Problem requirements ▸ Leaving the pictures aside, transcribe every line below exactly.

Input data ▸
<<<<

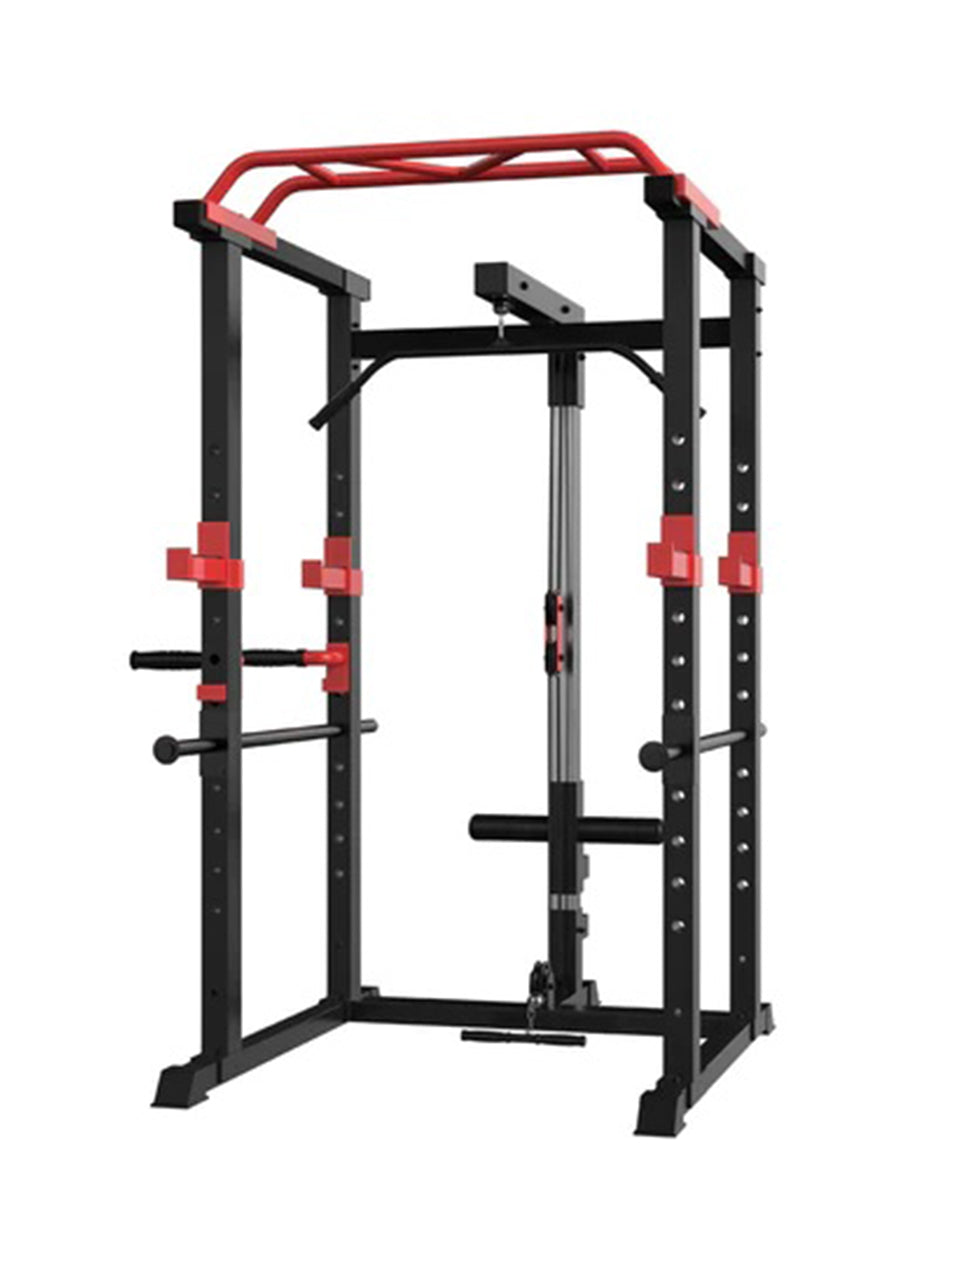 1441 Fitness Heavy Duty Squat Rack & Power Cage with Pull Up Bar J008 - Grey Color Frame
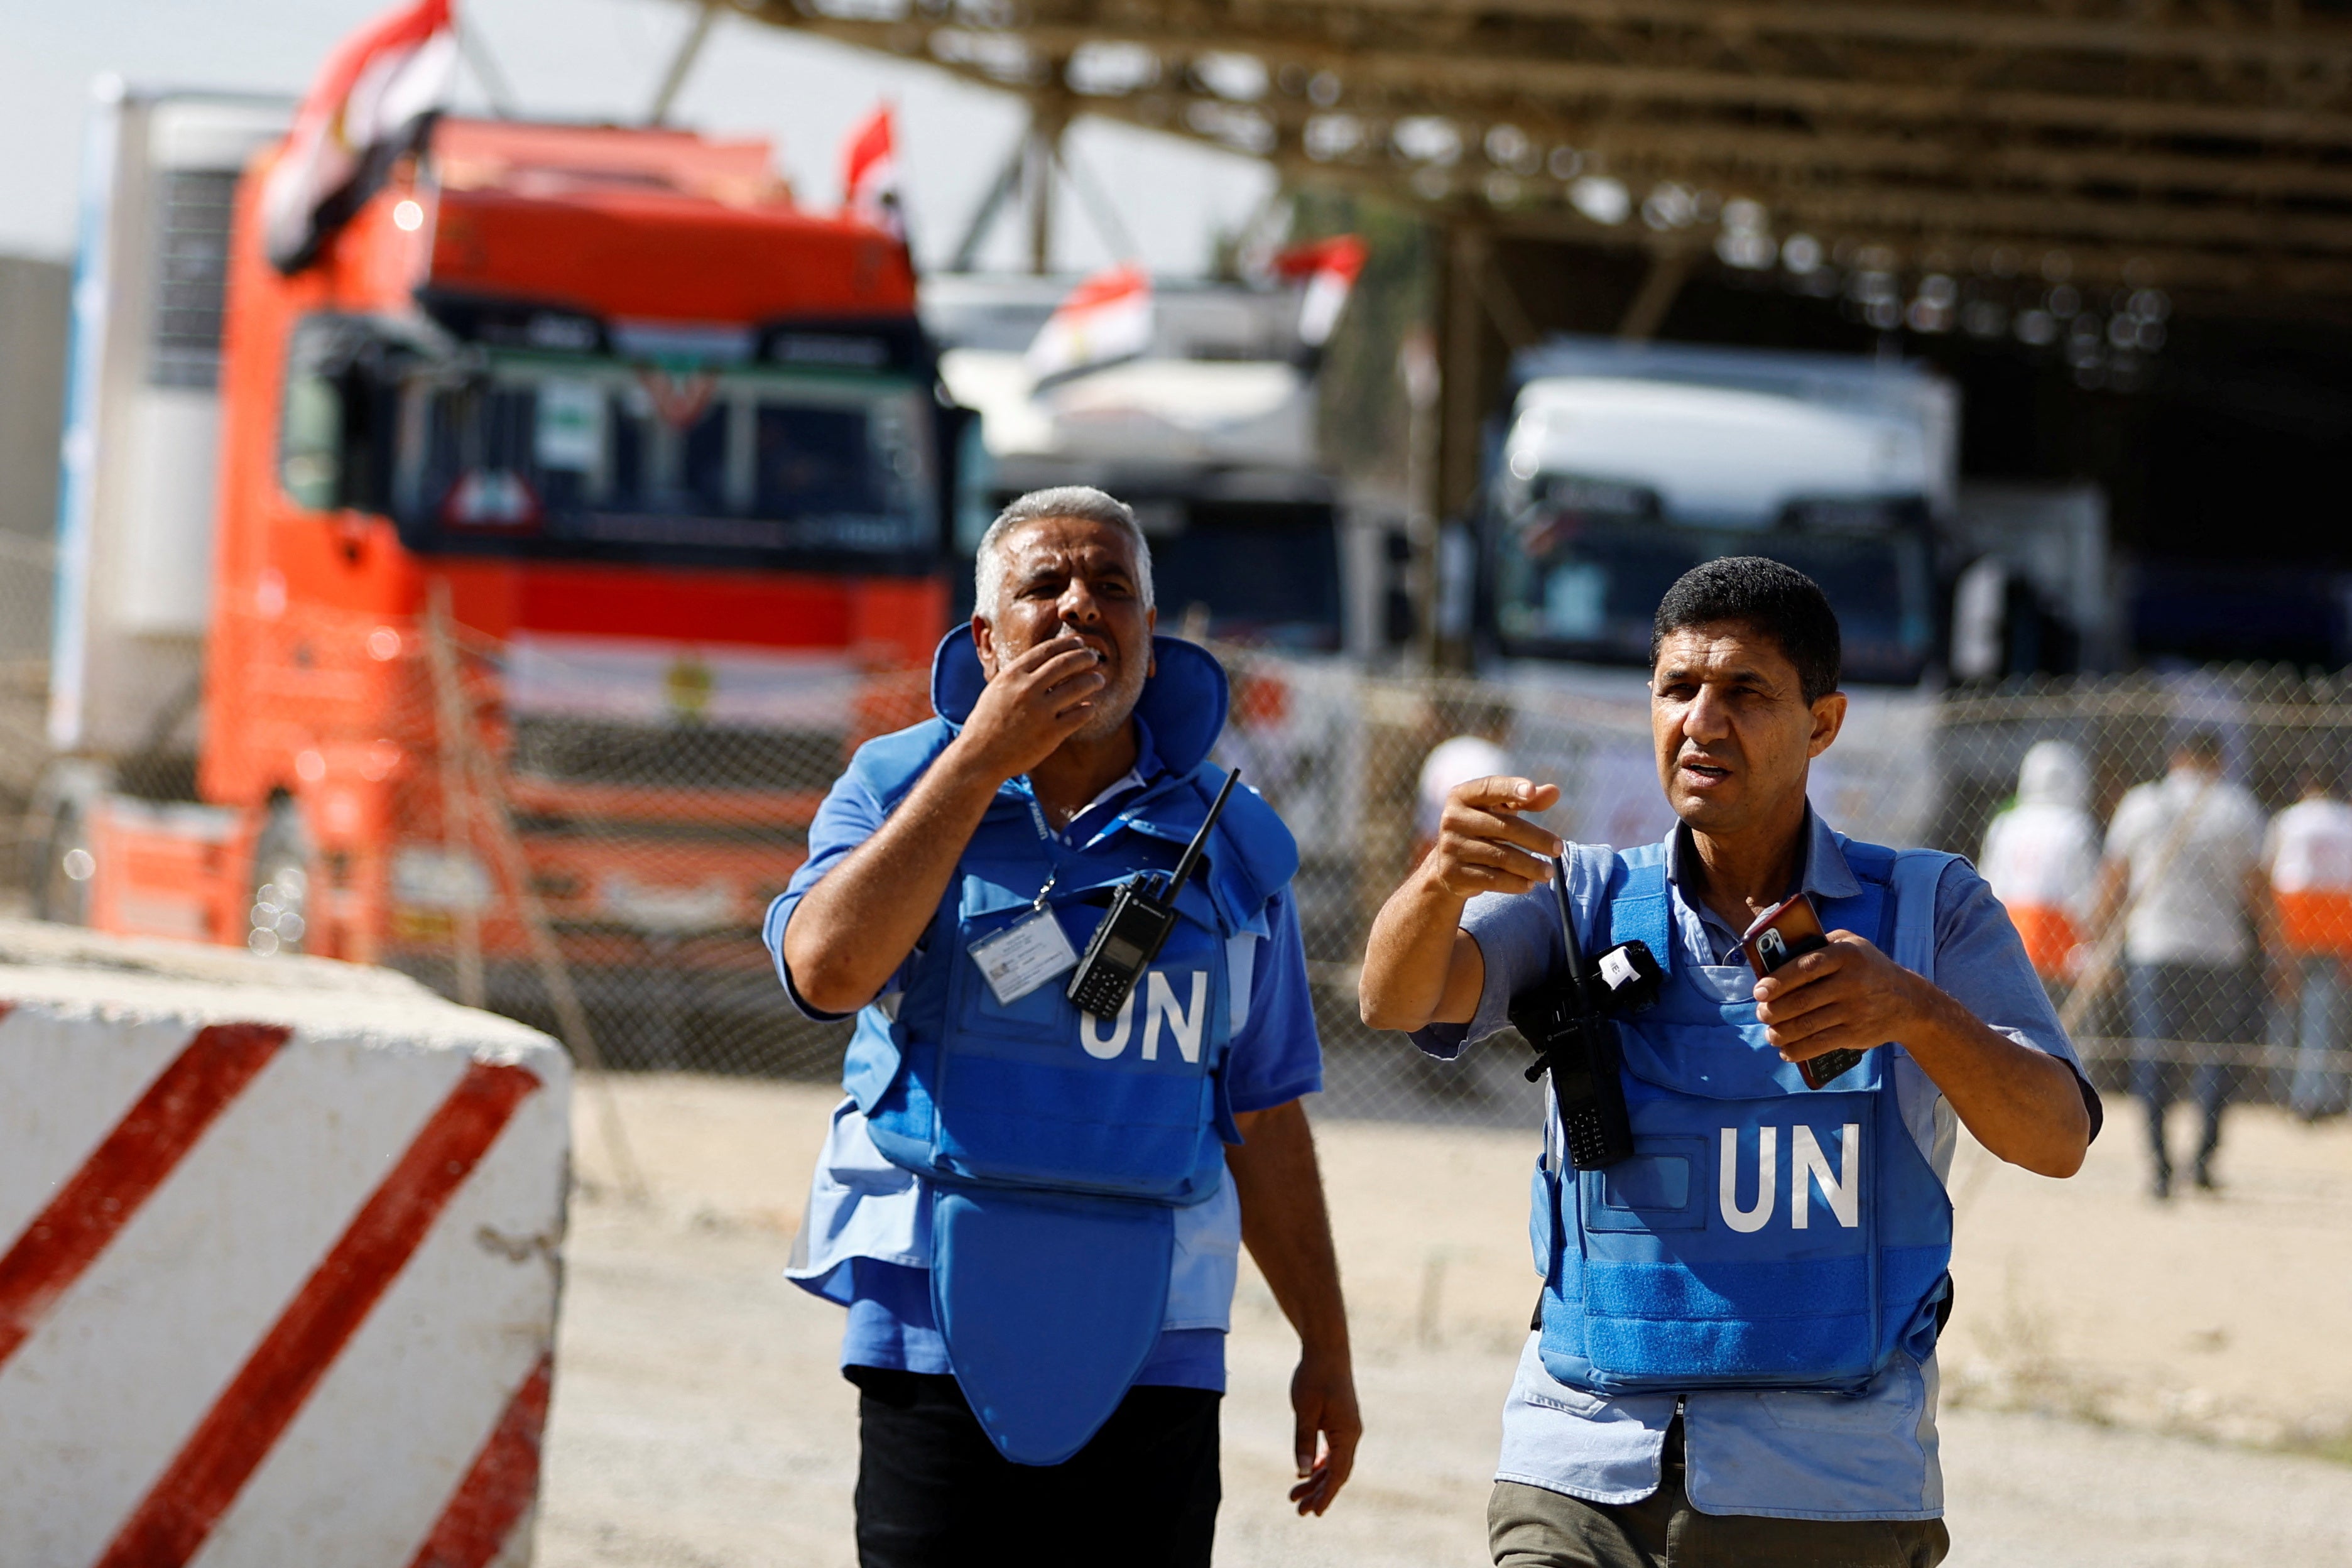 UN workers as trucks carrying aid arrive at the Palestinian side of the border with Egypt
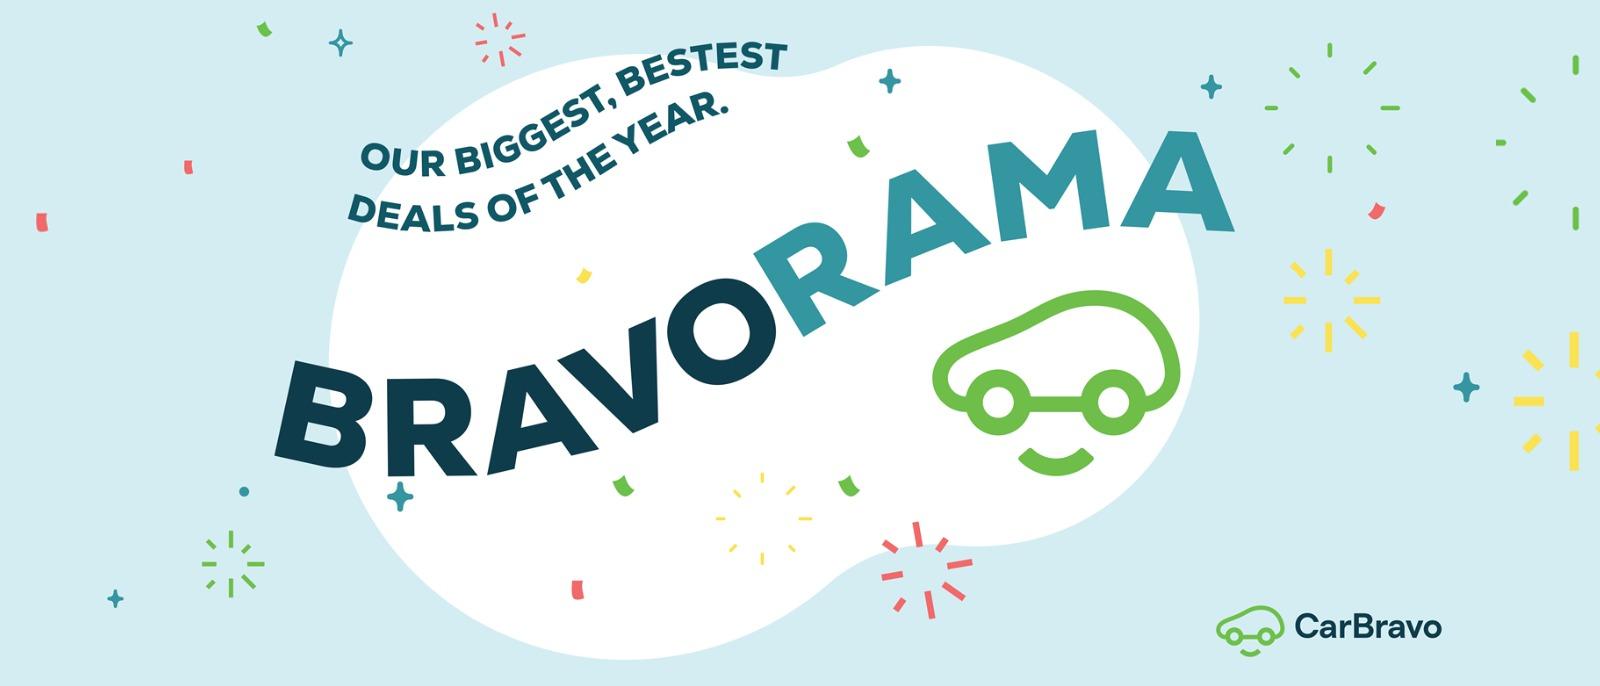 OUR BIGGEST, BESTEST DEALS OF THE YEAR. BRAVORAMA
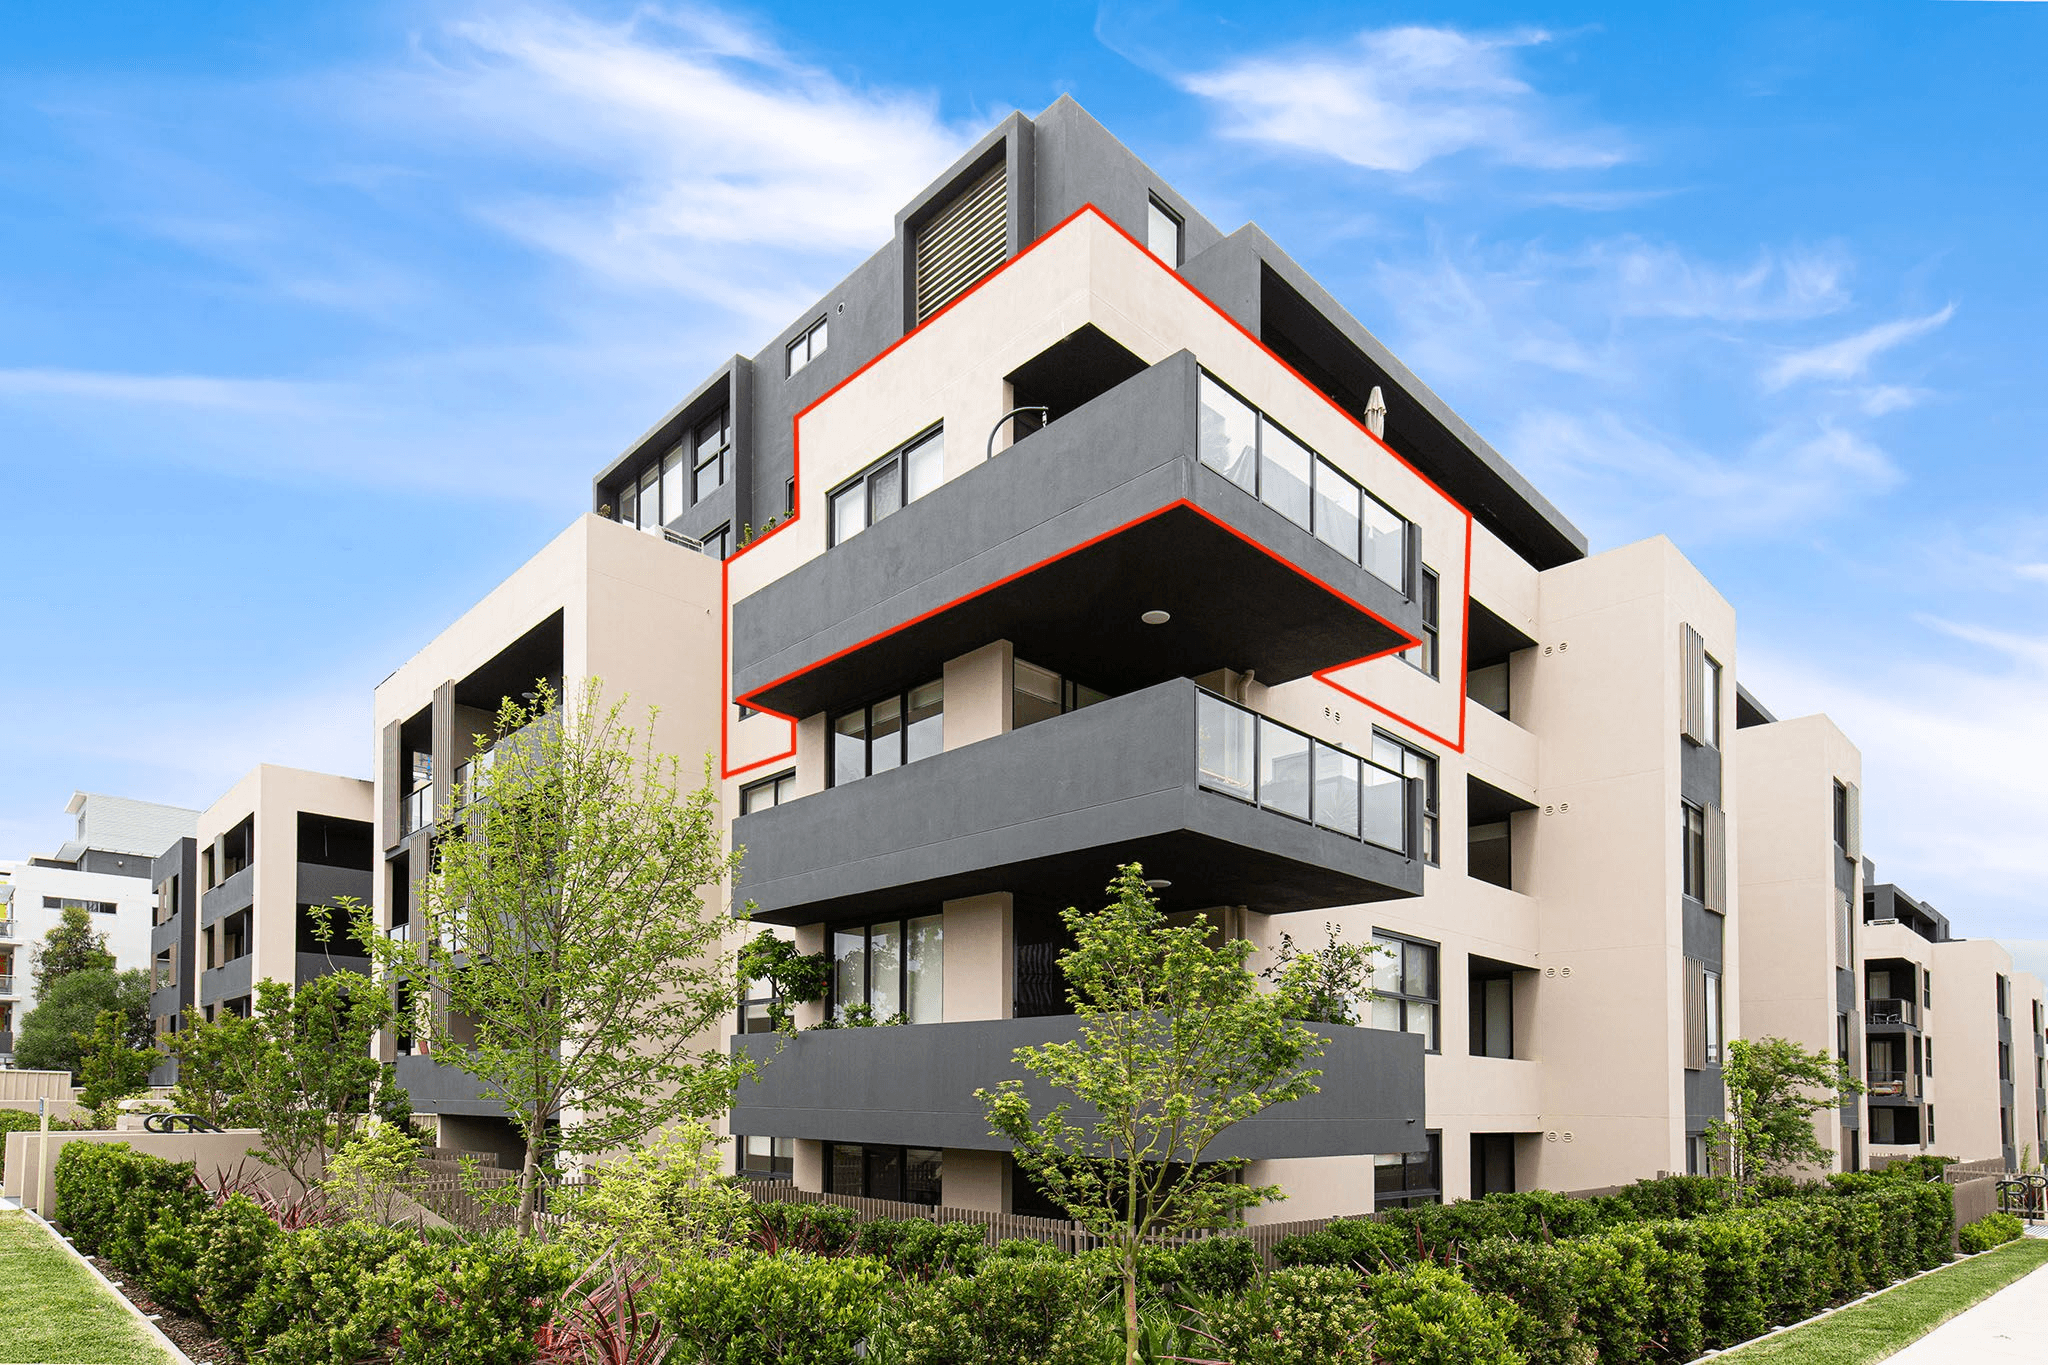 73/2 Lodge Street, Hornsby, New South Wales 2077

>>>>

Response for this exercise ▸
 1441 Fitness Heavy Duty Squat Rack & Power Cage with Pull Up Bar J008 - Grey Color Frame
 UN workers as trucks carrying aid arrive at the Palestinian side of the border with Egypt
 OUR BIGGEST, BESTEST DEALS OF THE YEAR. BRAVORAMA
 73/2 Lodge Street, Hornsby, New South Wales 2077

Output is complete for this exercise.